Rapid PRRSV-2 ORF5-based lineage classification using Nextclade

Porcine reproductive and respiratory syndrome virus (PRRSV) continues to be a global challenge for swine health. Yim-Im et al. 2023 provides a standard genetic nomenclature, extending previously published works to better characterize PRRSV-2 ORF5-based genetic lineages on a global scale. To facilitate the use of this nomenclature, scaffold sequences, including historical and contemporary vaccines, were synthesized into a dataset designed for Nextclade v3.0. Metadata from the scaffold sequences representing year, country, and RFLP typing of the sequence were incorporated into the dataset. These scaffold sequences were processed through the Augur pipeline using DQ478308.1 as a reference strain for rooting and comparison. The resultant classifier can be accessed through the Nextclade website (https://clades.nextstrain.org/) or a link on the PRRSView homepage (https://prrsv.vdl.iastate.edu/). The resultant classifier functions the same as other classifiers hosted by the Nextclade core group and can provide phylogenetic-based PRRSV-2 ORF5 classifications on demand. Nextclade provides additional sequence metrics such as classification quality and notable mutations relative to the reference. The submitted sequences are grafted to the reference tree using phylogenetic placement, allowing for comparison to nearby sequences of reference viruses and vaccine strains. Additional comparisons between sequences can be made with metadata incorporated in the dataset. Although Nextclade is hosted as a webtool, the sequences are not uploaded to a server, and all analysis stay strictly confidential to the user.
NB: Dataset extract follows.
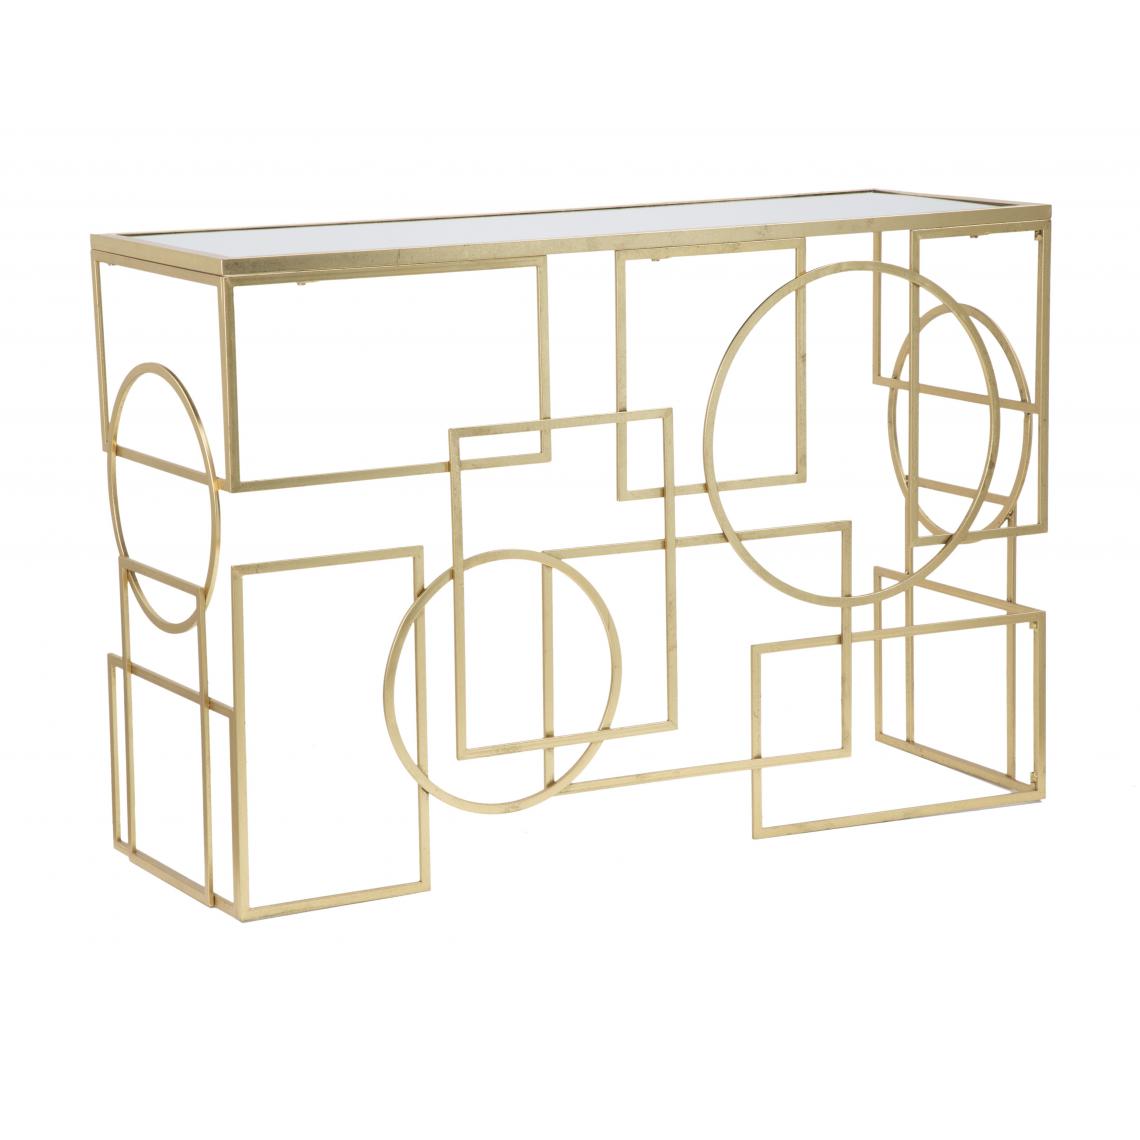 Alter - Console rectangulaire, en métal doré, avec plateau en verre miroir, couleur or, Mesure 41 x 81 x 120 cm - Tables à manger

This work provides a standardized, trivial workflow facilitated by Nextclade to rapidly assign lineage classifications to PRRSV-2, identify mutations of interest, and compare contemporary strains to relevant vaccines.

1 Introduction

Porcine reproductive and respiratory syndrome (PRRS) is the most economically important swine disease in the United States of America, with industry impact being estimated to cost over $600 million annually (1). PRRS is characterized by reproductive failure and late-term abortion in sows, respiratory diseases in all age of pigs, and occasional neurological signs (2–4). The PRRS virus (PRRSV) was first identified as an etiological agent in both the United States and the Netherlands in 1991–1992 (5, 6), although the initial emergence is believed to have occurred earlier. Taxonomically, PRRSV is currently classified into two species: Betaarterivirus americense (with virus name PRRSV-2, previously known as North American genotype) and Betaarterivirus europensis (with virus name PRRSV-1, previously known as European genotype). In the United States, both species are detected but the majority of detections and economic loss are caused by PRRSV-2 (7).

In 1998, restriction fragment length polymorphism (RFLP) typing based on the cutting patterns of PRRSV-2 ORF5 by three restriction enzymes MluI, HincII, and SacII was introduced to differentiate the RespPRRSV/Ingelvac PRRS MLV vaccine virus (RFLP 2-5-2) from wild-type strains (8). Since then, RFLP typing has been widely used in North America to describe PRRSV-2 genetic diversity (9). However, it has become evident that RFLP itself has limited usefulness in indicating if two strains of PRRSV-2 are genetically similar or distinct (9, 10). In 2010, an ORF5-based phylogenetic classification was proposed to describe PRRSV-2 genetic relatedness and diversity (11). In that study, nine lineages (L1–L9) and 37 sublineages were proposed based on analysis of 8,624 global PRRSV-2 ORF5 sequences. Although the 9-lineage system was adopted for use worldwide, the proposed 37-sublineage system has not been globally used. Lineage 1 was the dominant detection circulating in the United States over the past decade and continues to diversify. To better characterize lineage 1 viruses, in 2019, Paploski et al. (12) divided lineage 1 into L1A–L1E based on analysis of 4,390 U.S. PRRSV-2 ORF5 sequences, with L1D being divided into L1D alpha and L1D beta. In 2021, the same research group added three more sublineages L1F–L1H after analyzing 21,211 U.S. PRRSV-2 ORF5 sequences (13). Yim-Im et al. (14) further refined the phylogenetic classification of PRRSV-2, building upon the prior classification schemes but utilizing a substantially expanded dataset comprising 82,237 global ORF5 sequences. The latest iteration classified global PRRSV-2 ORF5 sequences into 11 lineages (L1–L11) and 21 sublineages (L1A–L1F, L1H–L1J, L5A–L5B, L8A–L8E, and L9A–L9E), with each lineage representing a monophyletic clade (14). Additionally, prior sublineages were revised. For example, L1G was redefined as part of L1B and the use of L1G is discontinued, L1D alpha was redefined as part of L1E with the discontinued use of L1D alpha, and L1D beta was renamed as L1D with the discontinued use of L1D beta (14). Lineages within the latest iteration had within clade distances typically <11% and between clade distances typically >11%. Despite the best effort to be maximally comprehensive, PRRSV variants are continually detected that do not fall into the classification scheme.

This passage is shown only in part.